チャンクから少数の非隣接サンプルを取得する場合、またはインスタントクエリと呼ばれる単一サンプルを単純に取得する場合、トレードオフは異なります。潜在的に、ストレージエンジンは、返される少数のサンプルを見つけるために多くのサンプルを反復処理する必要がある場合があります。幸いなことに、インスタントクエリの最も一般的なソースは、各関与する時系列の最新サンプルを参照するルール評価です。完全に偶然ではありませんが、最近、時系列の最新サンプルの取得を改善しました。本質的に、時系列に追加された最後のサンプルがキャッシュされるようになりました。最新サンプルのみを必要とするクエリは、チャンクレイヤーにヒットすることさえなくなり、その場合、チャンクエンコーディングは無関係になります。

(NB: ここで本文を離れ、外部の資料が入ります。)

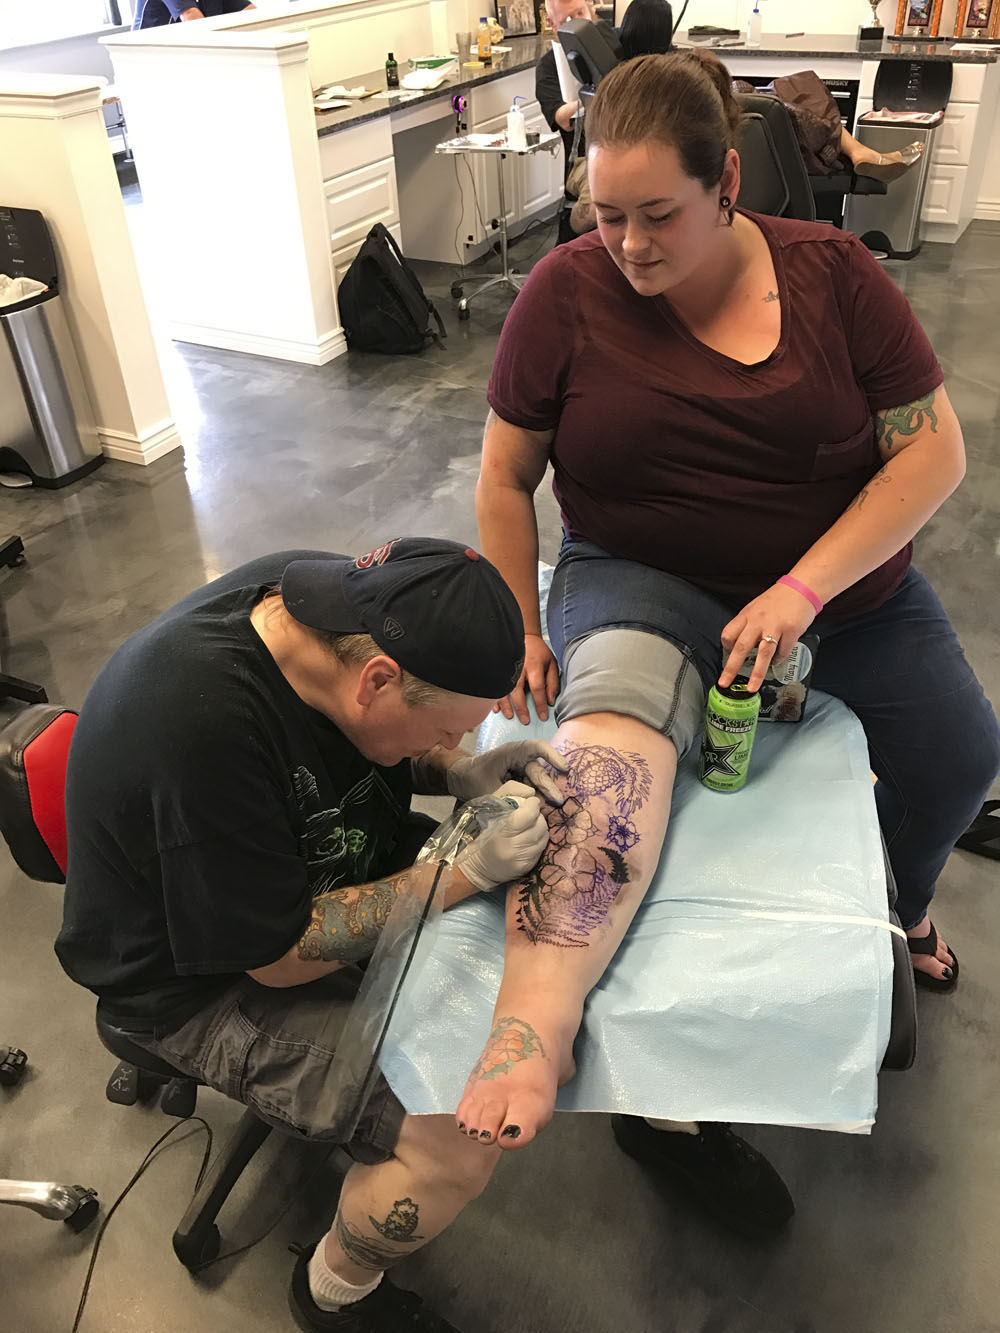 Lasercare Tattoo Removal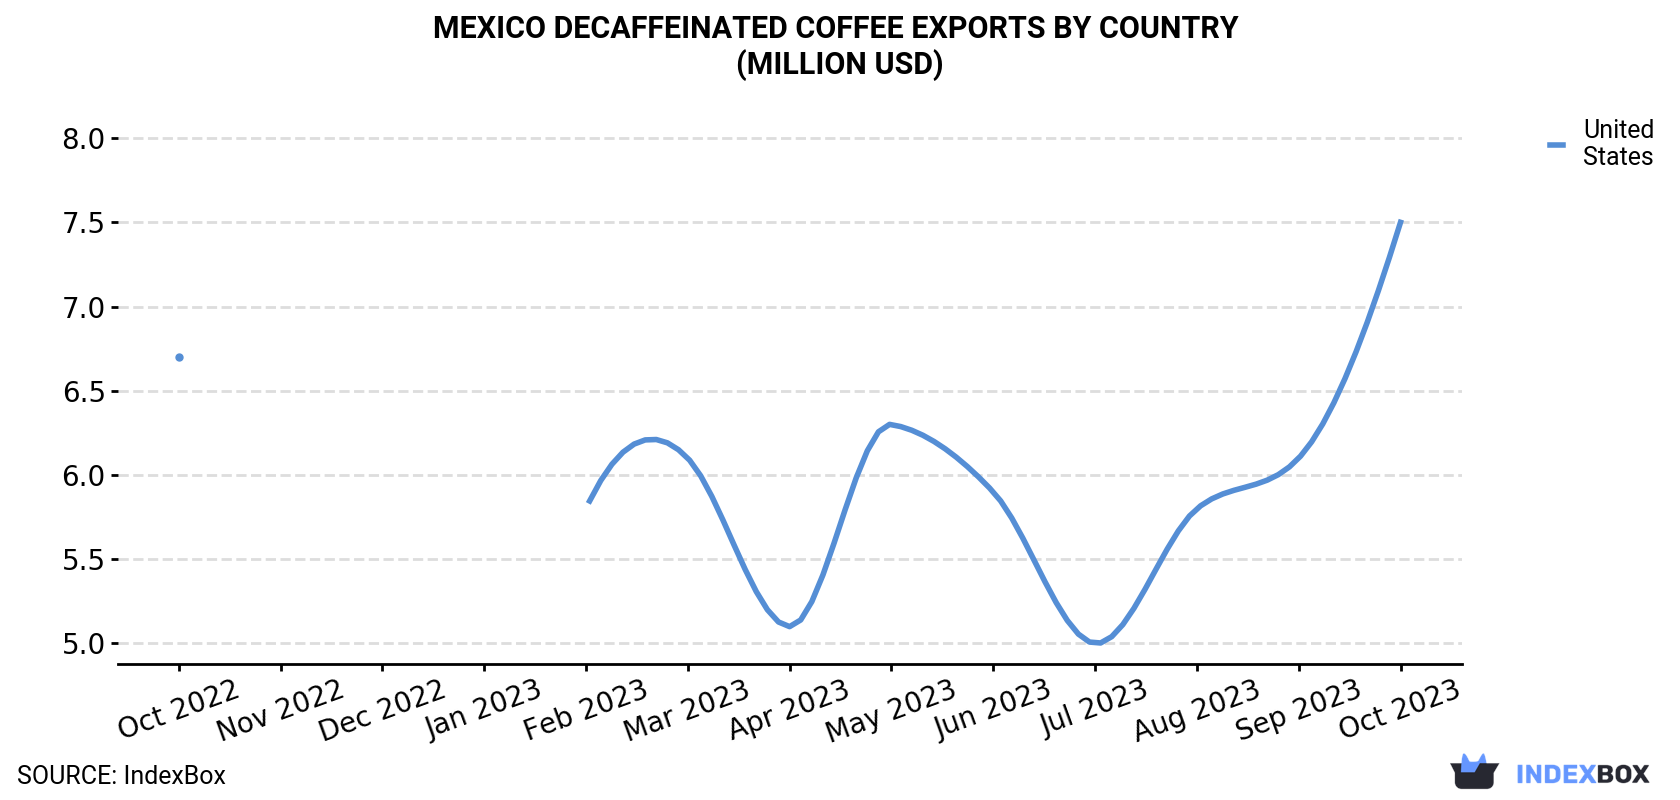 Mexico Decaffeinated Coffee Exports By Country (Million USD)

インスタントクエリが過去のサンプルを参照しているためチャンクレイヤーにヒットする必要がある場合でも、ほとんどの場合、クエリの他の部分(インデックスルックアップなど)が総クエリ時間を支配するでしょう。しかし、varbitチャンクで必要なシーケンシャルアクセスパターンが非常に重要になり始める実際のクエリも存在します。

varbitチャンクにとって最悪のクエリは何ですか?

varbitチャンクの最悪のケースは、非常に長い時系列のチャンクの中間からちょうど1つのサンプルが必要な場合です。残念ながら、それには実際のユースケースがあります。時系列が適切に圧縮され、各チャンクが約8時間持続すると仮定しましょう。これは1日あたり約3チャンク、または1か月あたり約100チャンクです。問題の時系列を解像度100データポイントで過去1か月間表示するダッシュボードがあるとしましょう。ダッシュボードは、100個の異なるチャンクから1つのサンプルを取得するクエリを実行します。それでも、チャンクエンコーディング間の違いは、クエリ実行時間の他の部分によって支配されるでしょう。状況によっては、クエリはダブルデルタエンコーディングで50ミリ秒、varbitエンコーディングで100ミリ秒かかるかもしれません。

ただし、ダッシュボードクエリが単一の時系列だけでなく、数千の時系列にわたる集計に触れる場合、アクセスする必要のあるチャンクの数はそれに応じて乗算され、シーケンシャルスキャンのオーバーヘッドが支配的になります。(そのようなクエリは非難されており、頻繁に使用されるクエリの場合はレコーディングルールを使用することを推奨しています。ただし、ダブルデルタエンコーディングでは、クエリ時間はまだ許容範囲内であった可能性があります。たとえば、約1秒です。varbitエンコーディングに切り替えた後、同じクエリは数十秒かかる可能性があり、これは明らかにダッシュボードに望ましいものではありません。

経験則は何ですか?

できるだけ簡単に言うと、ディスク容量やディスクI/Oに制限がない場合は、心配しないで、古典的なダブルデルタエンコーディングのデフォルトのままにしてください。

ただし、より長い保持期間が必要な場合や、現在ディスクI/Oでボトルネックになっている場合は、新しいvarbitエンコーディングを試してみてください。-storage.local.chunk-encoding-version=2でPrometheusサーバーを起動し、varbitエンコーディングを持つ新しいチャンクが十分に蓄積されるまでしばらく待ってから効果を確認してください。クエリが許容できないほど遅くなっている場合、レコーディングルールを使用して速度を改善できるかどうかを確認してください。ほとんどの場合、それらのクエリは、古いダブルデルタエンコーディングでも大幅に改善されるでしょう。

varbitエンコーディングの仕組みについて詳しく知りたい場合は、近日公開予定の別のブログ記事をお楽しみに。